We used the Google Colab cloud service (https://colab.research.google.com) with the NVIDIA TESLA V100 GPU to train and evaluate the video classification and movement detection models. All models were trained and evaluated using TensorFlow 2.17119, pandas 2.2.3120, and NumPy 2.1.0121.

Emotion recognition

The first classification task is defined as follows: given a video of a dog, classify whether it is in a positive or negative emotional state. To this end, we integrated facial landmark prediction as a middle step and use the obtained time series for classification. The pipeline is described in Fig. 4(left).

Fig. 4
figure 4

Video Classification Pipeline (left). In each video frame, 46 facial landmarks are detected, which are then normalised and organised into time series. These series are processed using a sliding window and an LSTM classifier model. For each window, the vote is saved, and the decision for the entire series is made based on majority voting. LSTM Classifier Architecture (right). Two bidirectional LSTM layers are followed by four narrowing Dense layers. The model outputs a probability of a landmark window belonging to a certain class.

Landmark detection

We processed all 248 videos from the dataset with the Ensemble Landmark Detector (ELD)58, predicting landmarks on each frame. We chose the ELD model for its performance, introducing two minor changes to the architecture. First, as a face detector, we use the custom-trained YOLOv8122 model. This choice is crucial for video processing since the original model’s architecture implies the presence of the animal’s face on the input image. In videos, it is not always true due to animals’ movements, head rotations, obscurity, etc. Moreover, we trained a fully connected verification model that takes landmarks as input and outputs a probability score. This score could be interpreted as the model’s certainty regarding the quality of the obtained landmarks. This model consists of three fully connected layers (128, 32, 1) and was trained on the DogFLW landmarks as positive examples and landmarks predicted on random images as negative examples.

The resulting landmarks from all videos were normalised and saved as a time series database. Each landmark row has 46 landmark coordinate pairs, as well as the verification model’s confidence. In some frames, landmarks were not detected (the dog was turned away/heavily obscured, etc.), so we assigned zero values to landmark coordinates and zero confidence for the whole frame.

Preprocessing

We intentionally left frames with no landmarks detected in the obtained time series without interpolation or filling. No detected landmarks in almost all cases means that the dog is heavily rotated/obscured, and its face is mostly not visible. Of course, the human annotator can still draw some information from such frames, but it’s impossible for the landmark-based model. Using an interpolation, we introduce artificial landmark sequences, which are not related to the real video in any way and may contain false signals. When doing window aggregation from time series, we skipped windows with one or more empty frames to ensure the model was trained on informative data.

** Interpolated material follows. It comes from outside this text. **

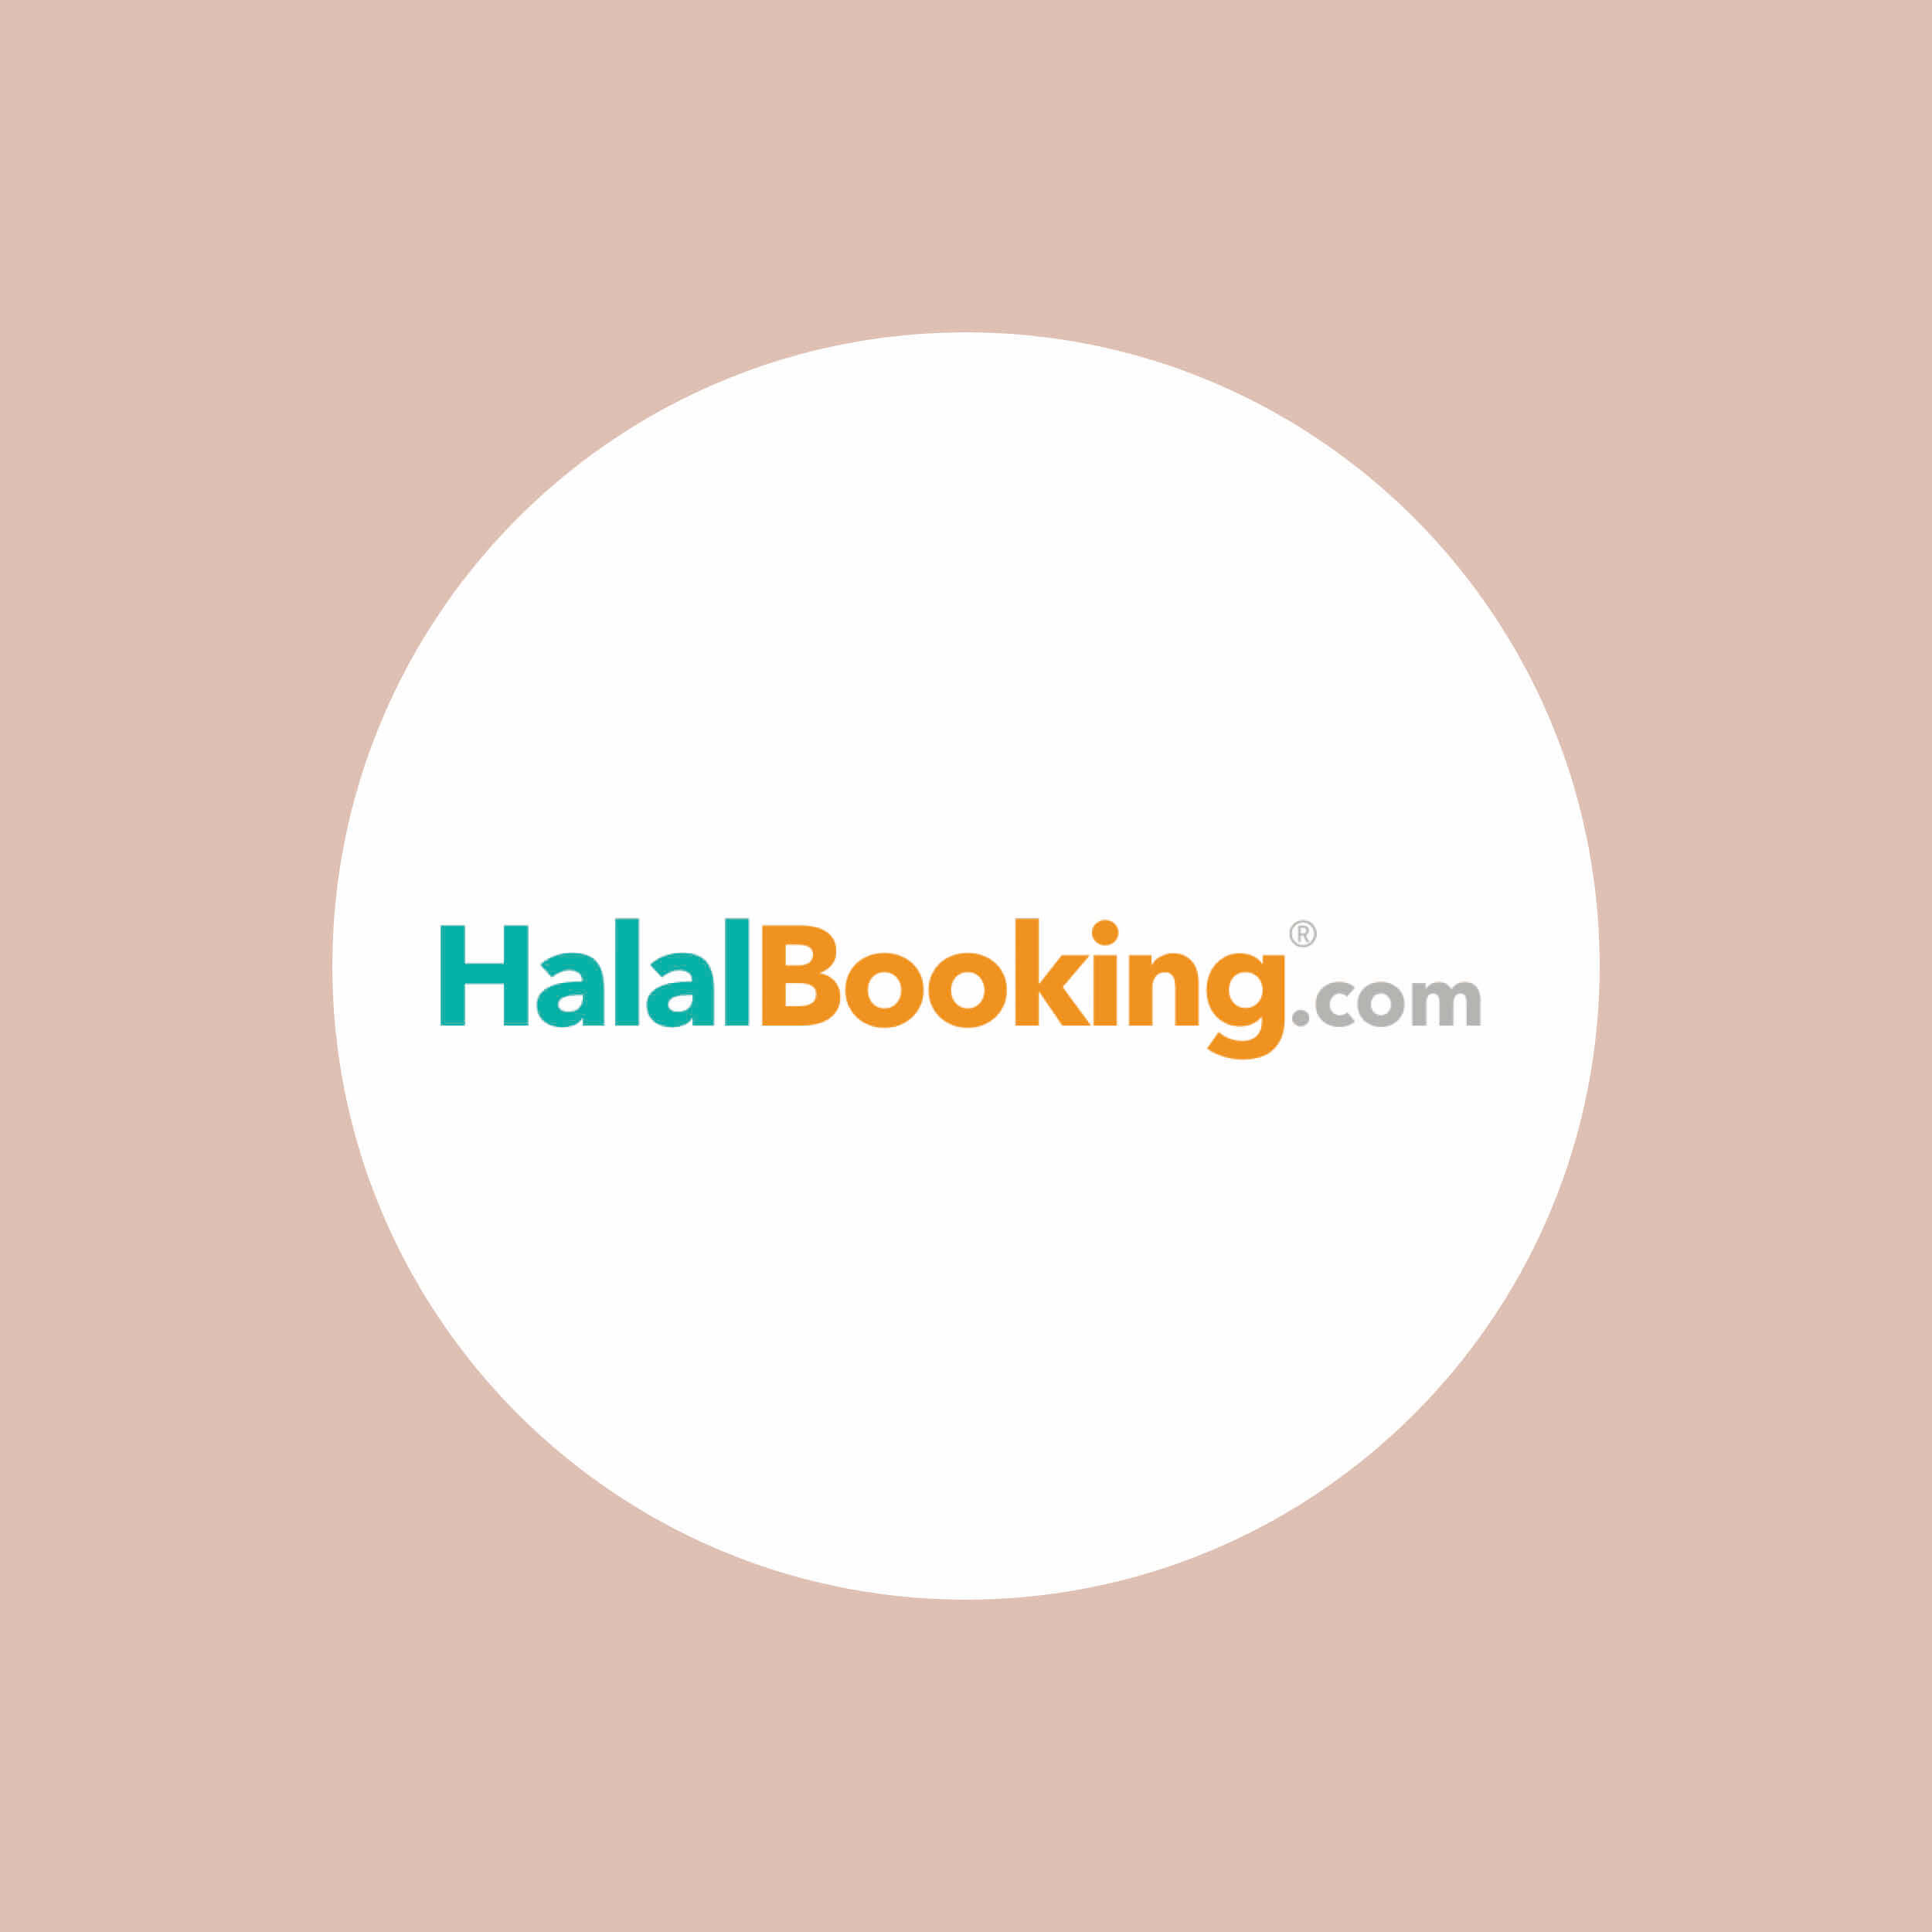 HalalBooking – Eine gezielte Kollaboration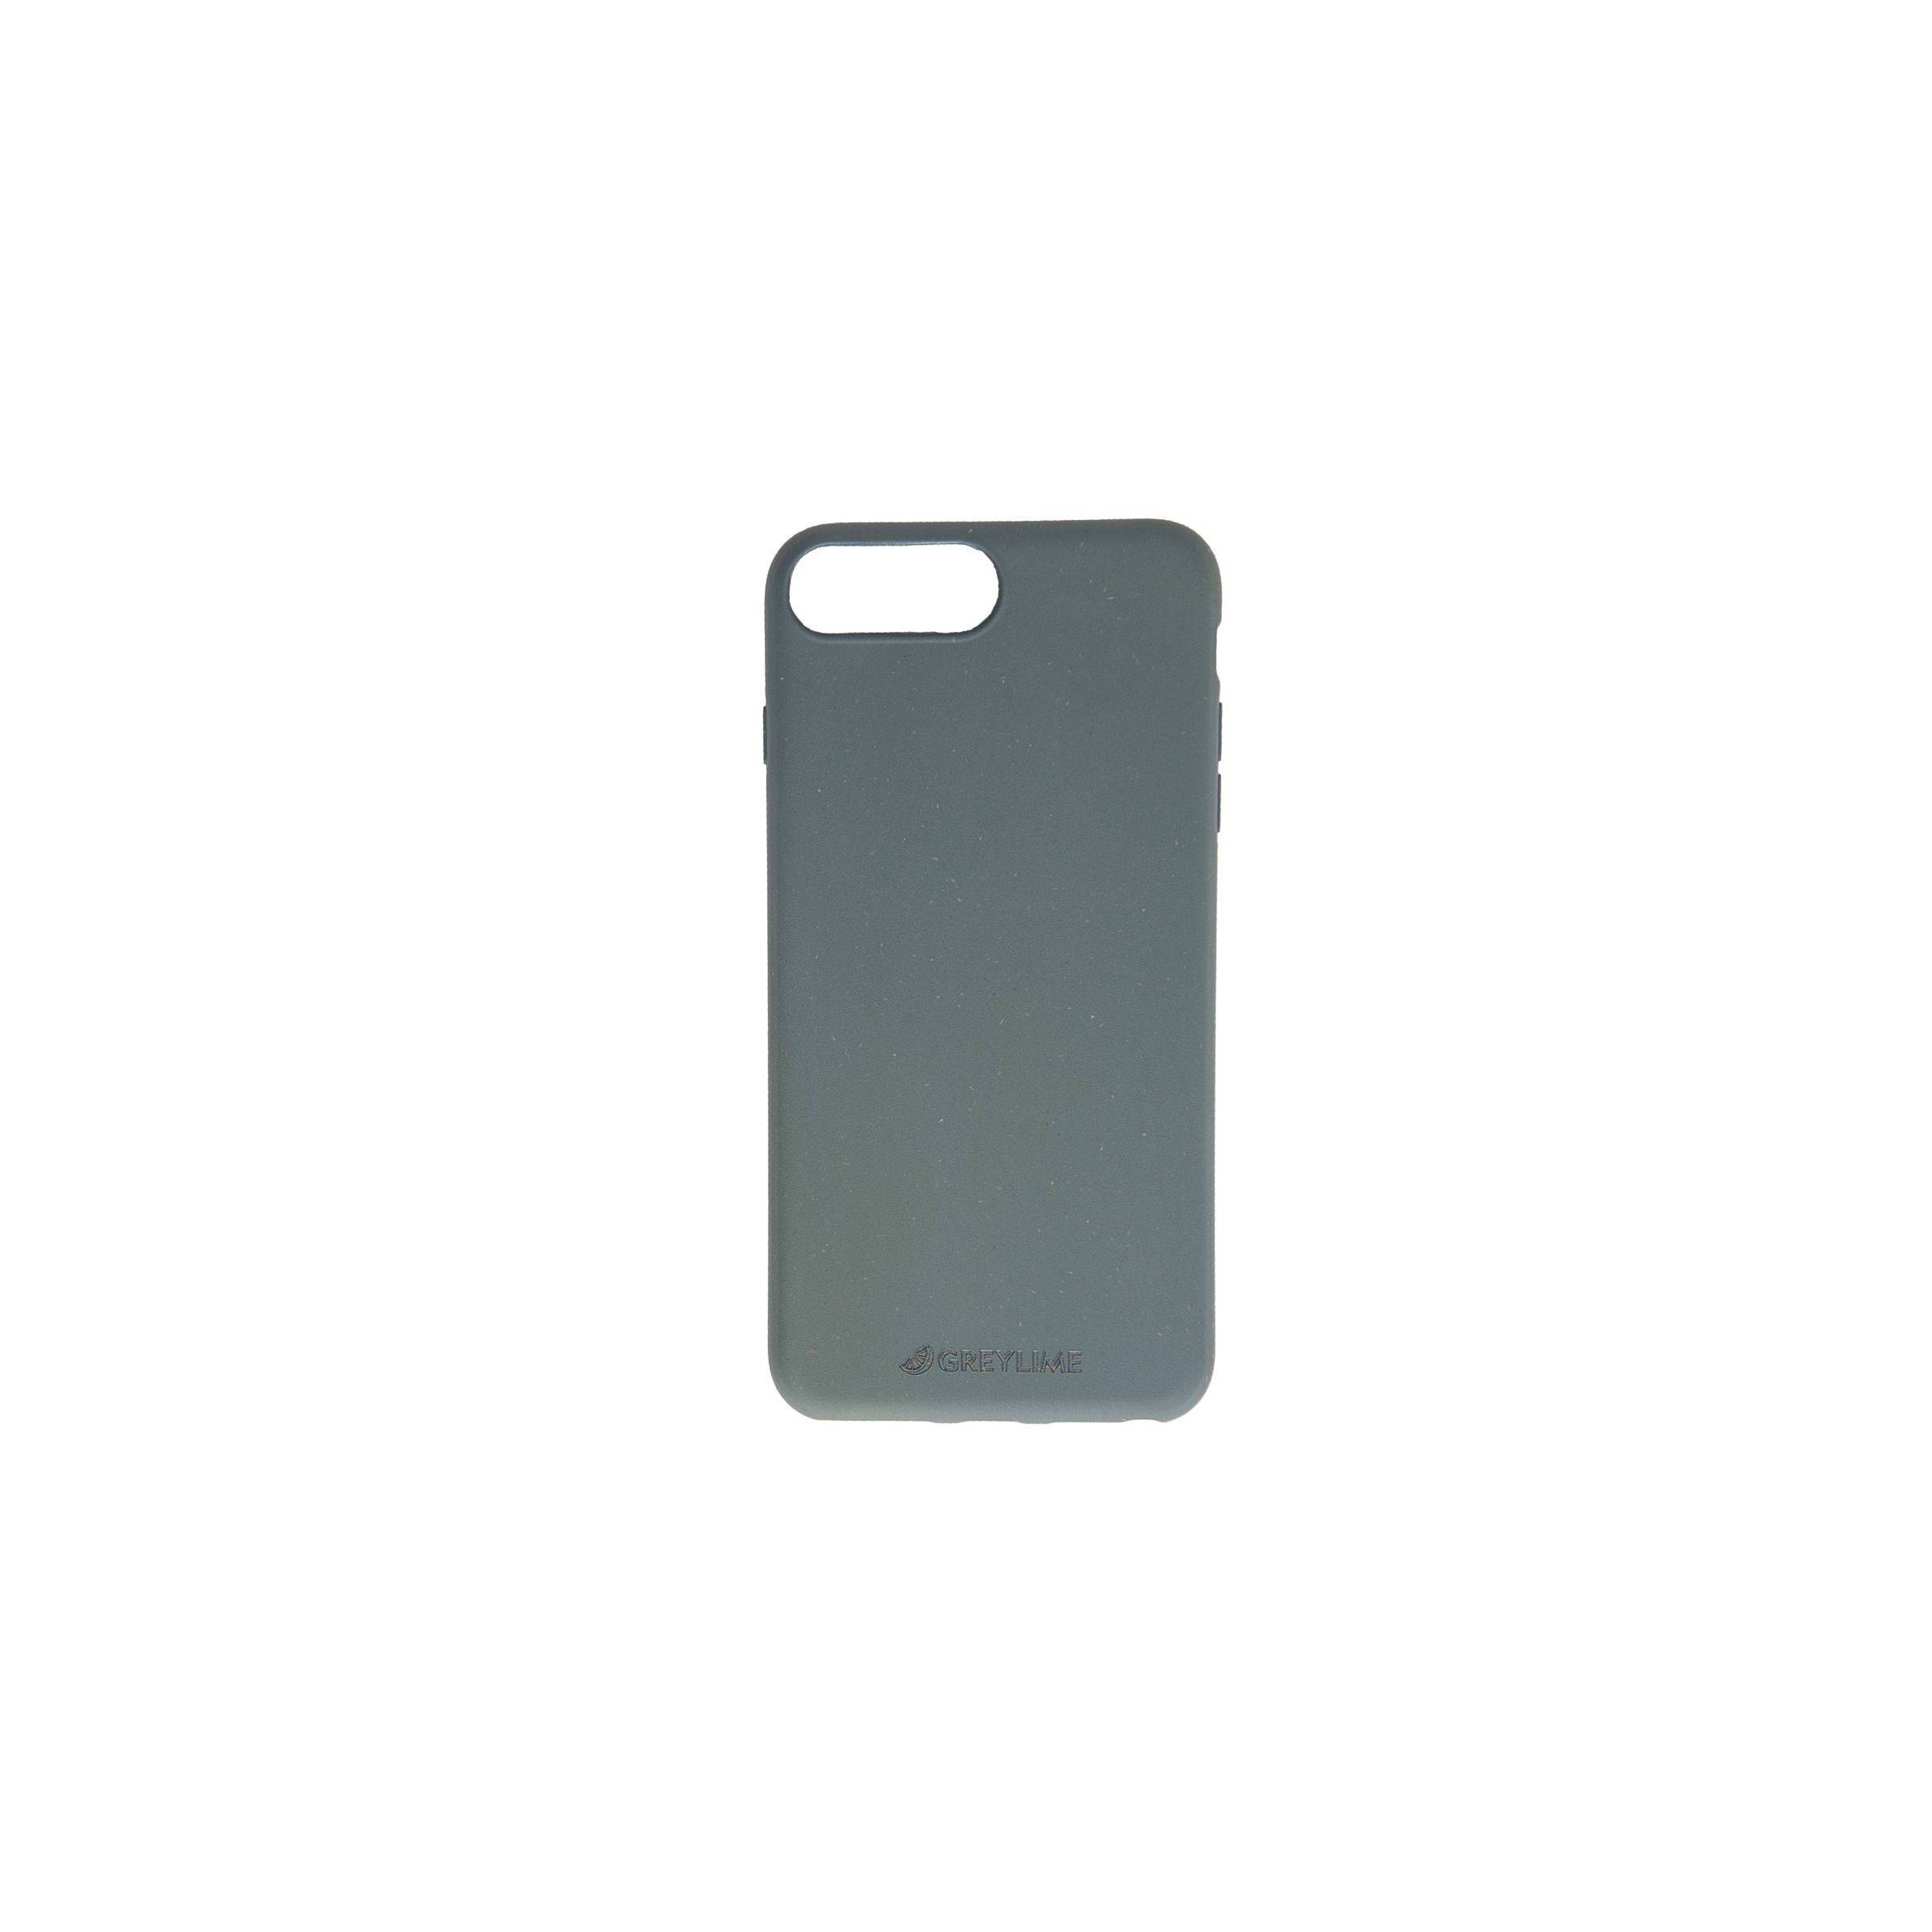 Bilde av Iphone 6/7/8 Plus Biodegradable Cover Greylime

We split the time series data into training and test sets. The training set was processed with a sliding window of size (L, 92) with a step of \(S=1\). We additionally experimented with sparse windows, which have the same length as regular ones but capture more temporal information by skipping rows. The sparse window could be considered a standard sliding window for reduced fps. For example, a standard window with \(L=5\) and 25 fps captures 0.2 seconds, and a sparse window with the same length and 5 fps (3 rows skipped each time) captures 1 second. Such an approach allows for the investigation of the impact of the temporal dimension without increasing computational resources. The resulting aggregated windows were divided into two classes based on the dog’s state in the original video, and then balanced by downsampling. We used sparse windows with \(L=5\) and 14 fps for the current experiment (chosen empirically through a grid search), resulting in 11,922 windows total.

Metrics

To measure the classification performance, we implemented a majority voting mechanism over the sliding window predictions: the model predicts a class for each window, and then the dominant class is assigned to each video as a label. Obtaining the label for each video, we measured accuracy, precision, recall, and F1 score of the classification.

Since the dataset consists of 29 dogs and the same dog being in both training and test sets could introduce data leaks, we used the leave-one-animal-out cross-validation method, commonly applied to such tasks52.

Baseline

To classify the landmark windows, we implemented an LSTM-based model, which consists of two bidirectional LSTM layers123, followed by four Dense layers (see Fig. 4(right)). Taking as input a window of size (L, 92), it outputs a probability of this input window belonging to one of the two classes: positive or negative. The model was trained for 300 epochs with a batch size of 16, MSE loss, and an ADAM optimiser.

DogFACS event detection

The second task we investigated was the following: given a video, detect movements (events) in the form of various DogFACS action units (and descriptors), and determine the start and end time of the event. In addition to investigating detection performance, we measure its usefulness for computer-assisted DogFACS annotation in a pilot experiment with a DogFACS-certified coder.

The dataset of Bremhorst et al. provides an excellent opportunity in this context as it is DogFACS-coded (start/end time for each of the DogFACS variables). Since DogFACS elements have two types (action unit and action descriptor), they are usually referred to as DogFACS variables. We refer to them in our context as “DogFACS events” for simplicity.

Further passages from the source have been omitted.